Huberman LabDr. Andrew Huberman: How Cortisol Rhythm Prevents Burnout
Cortisol follows a morning-high, evening-low rhythm controlled by the HPA axis; sunlight, delayed caffeine, and timed exercise sync it to prevent burnout.
CHAPTERS
- 0:00 – 7:00
Redefining Cortisol: From ‘Stress Hormone’ To Energy Director
Huberman introduces the episode, arguing that understanding and controlling cortisol may be one of the most powerful levers for health and burnout recovery. He reframes cortisol as an energy deployment hormone rather than simply a stress hormone and previews the central role of the daily cortisol rhythm.
- •Cortisol affects mood, sleep, immune function, and long-term well-being.
- •Public discourse wrongly equates cortisol only with stress; in reality, its main job is to mobilize and direct energy, especially to the brain.
- •The two central rules: high cortisol shortly after waking, low cortisol before and during early sleep.

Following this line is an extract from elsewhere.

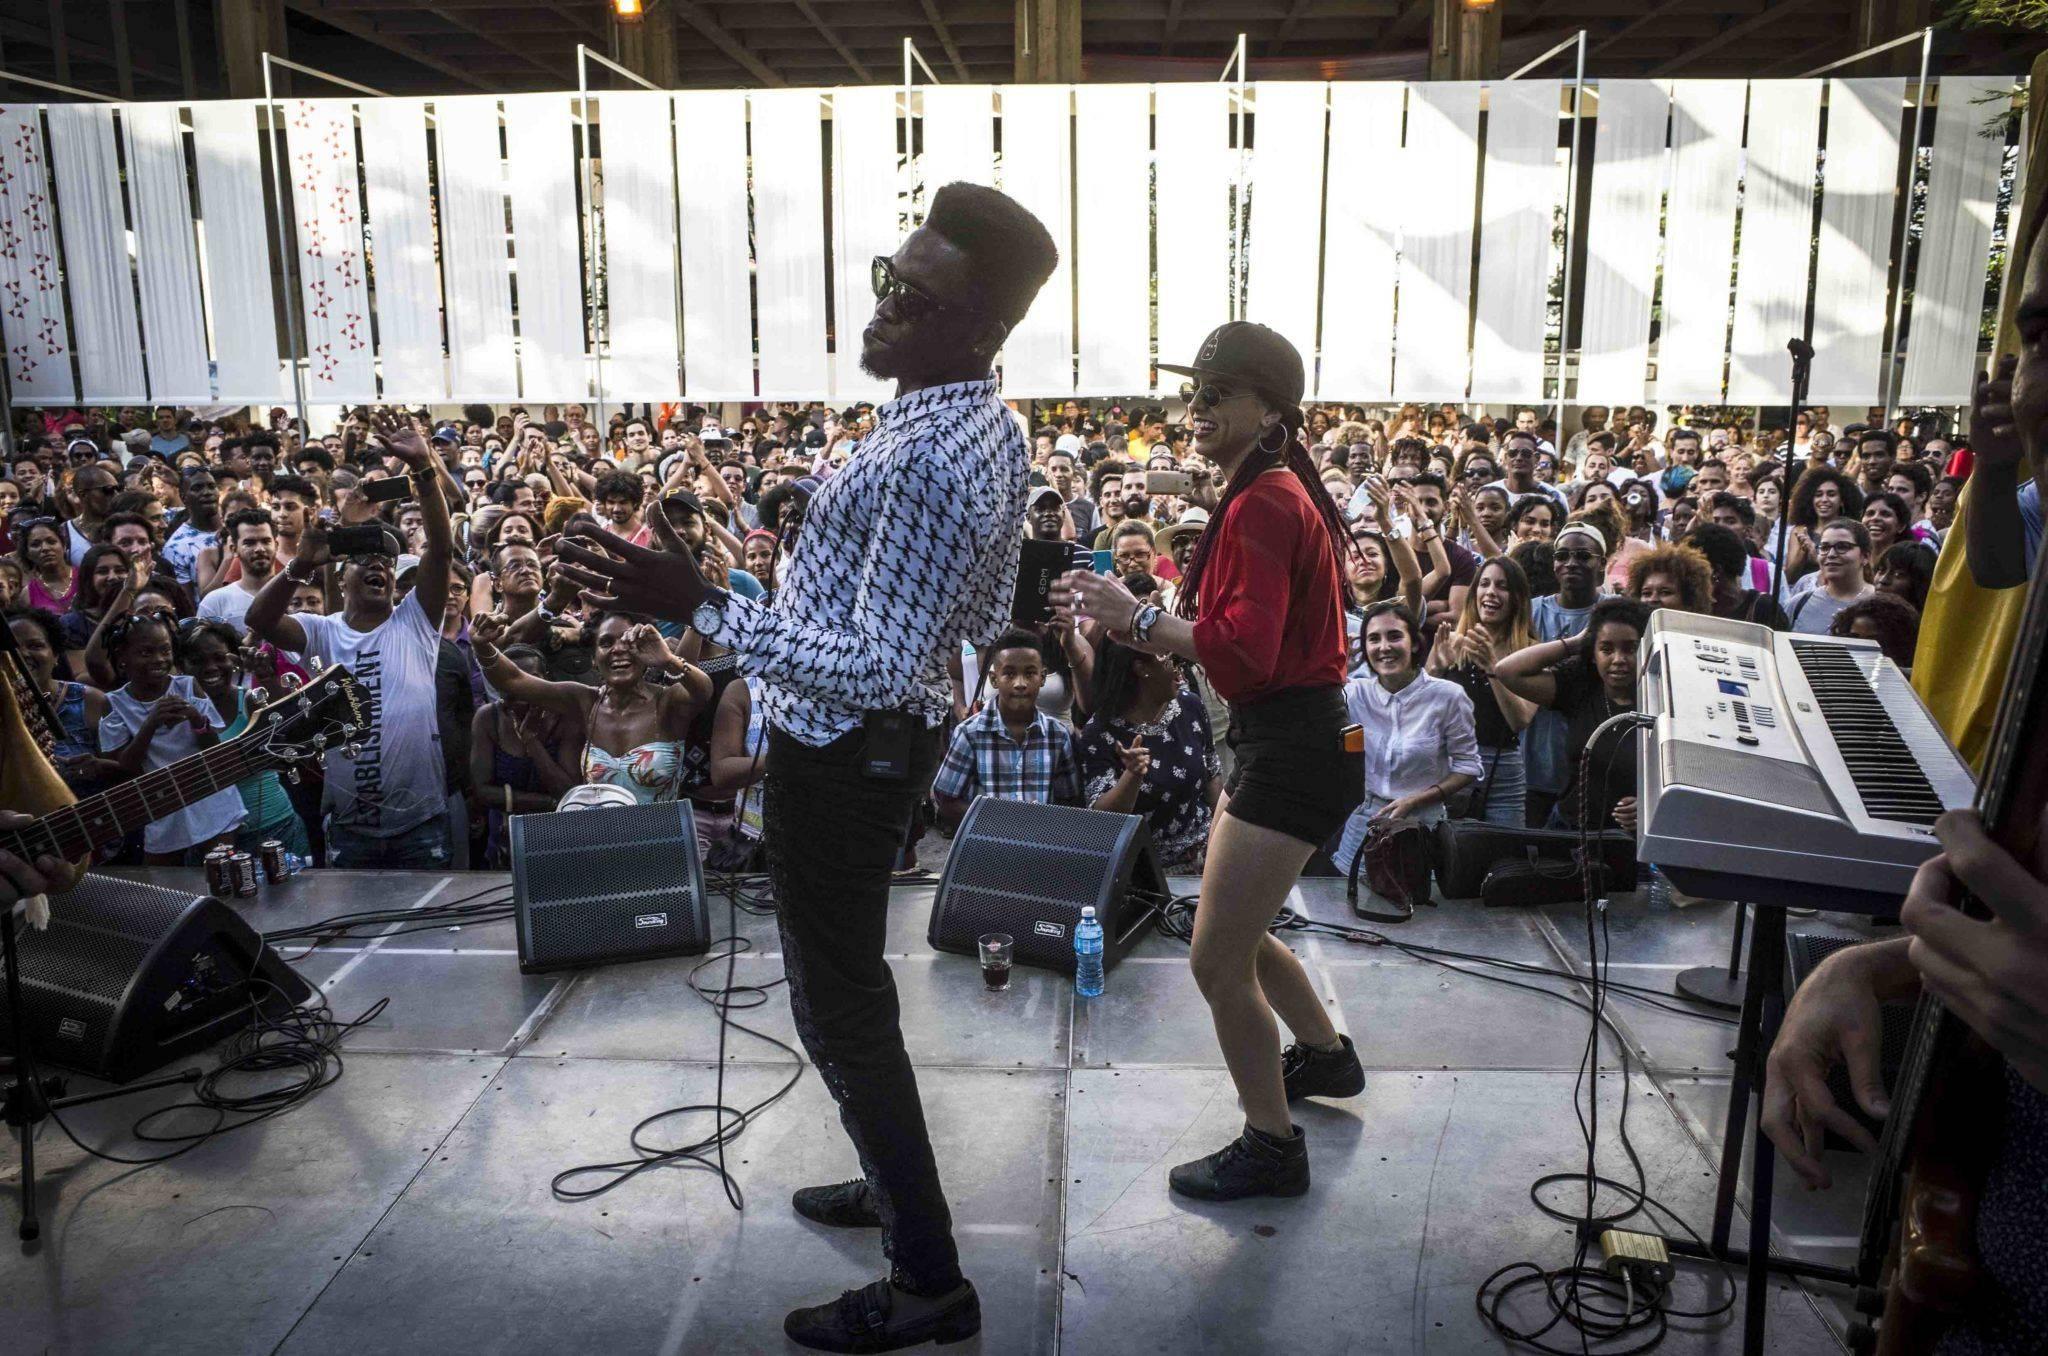 Concierto de Cimafunk en el Pabellón Cuba, La Habana. Foto: Marie Aureille.

- •Fixing your cortisol rhythm can alleviate morning anxiety, wired-and-tired burnout, and sleep problems.
- 7:00 – 42:00
What Cortisol Actually Does And How It Works In The Body
This section explains cortisol’s core function as a brain-focused energy hormone that mobilizes glucose from liver and muscle. Huberman contrasts cortisol with adrenaline, describes its ability to cross the blood–brain barrier, and sets up why chronic dysregulation affects memory structures like the hippocampus.
- •Cortisol drives glucose release into the bloodstream to fuel brain and body during any energy-demanding activity—stressful or not.
- •It is produced by the adrenal glands and can cross cell membranes and the blood–brain barrier due to being lipophilic.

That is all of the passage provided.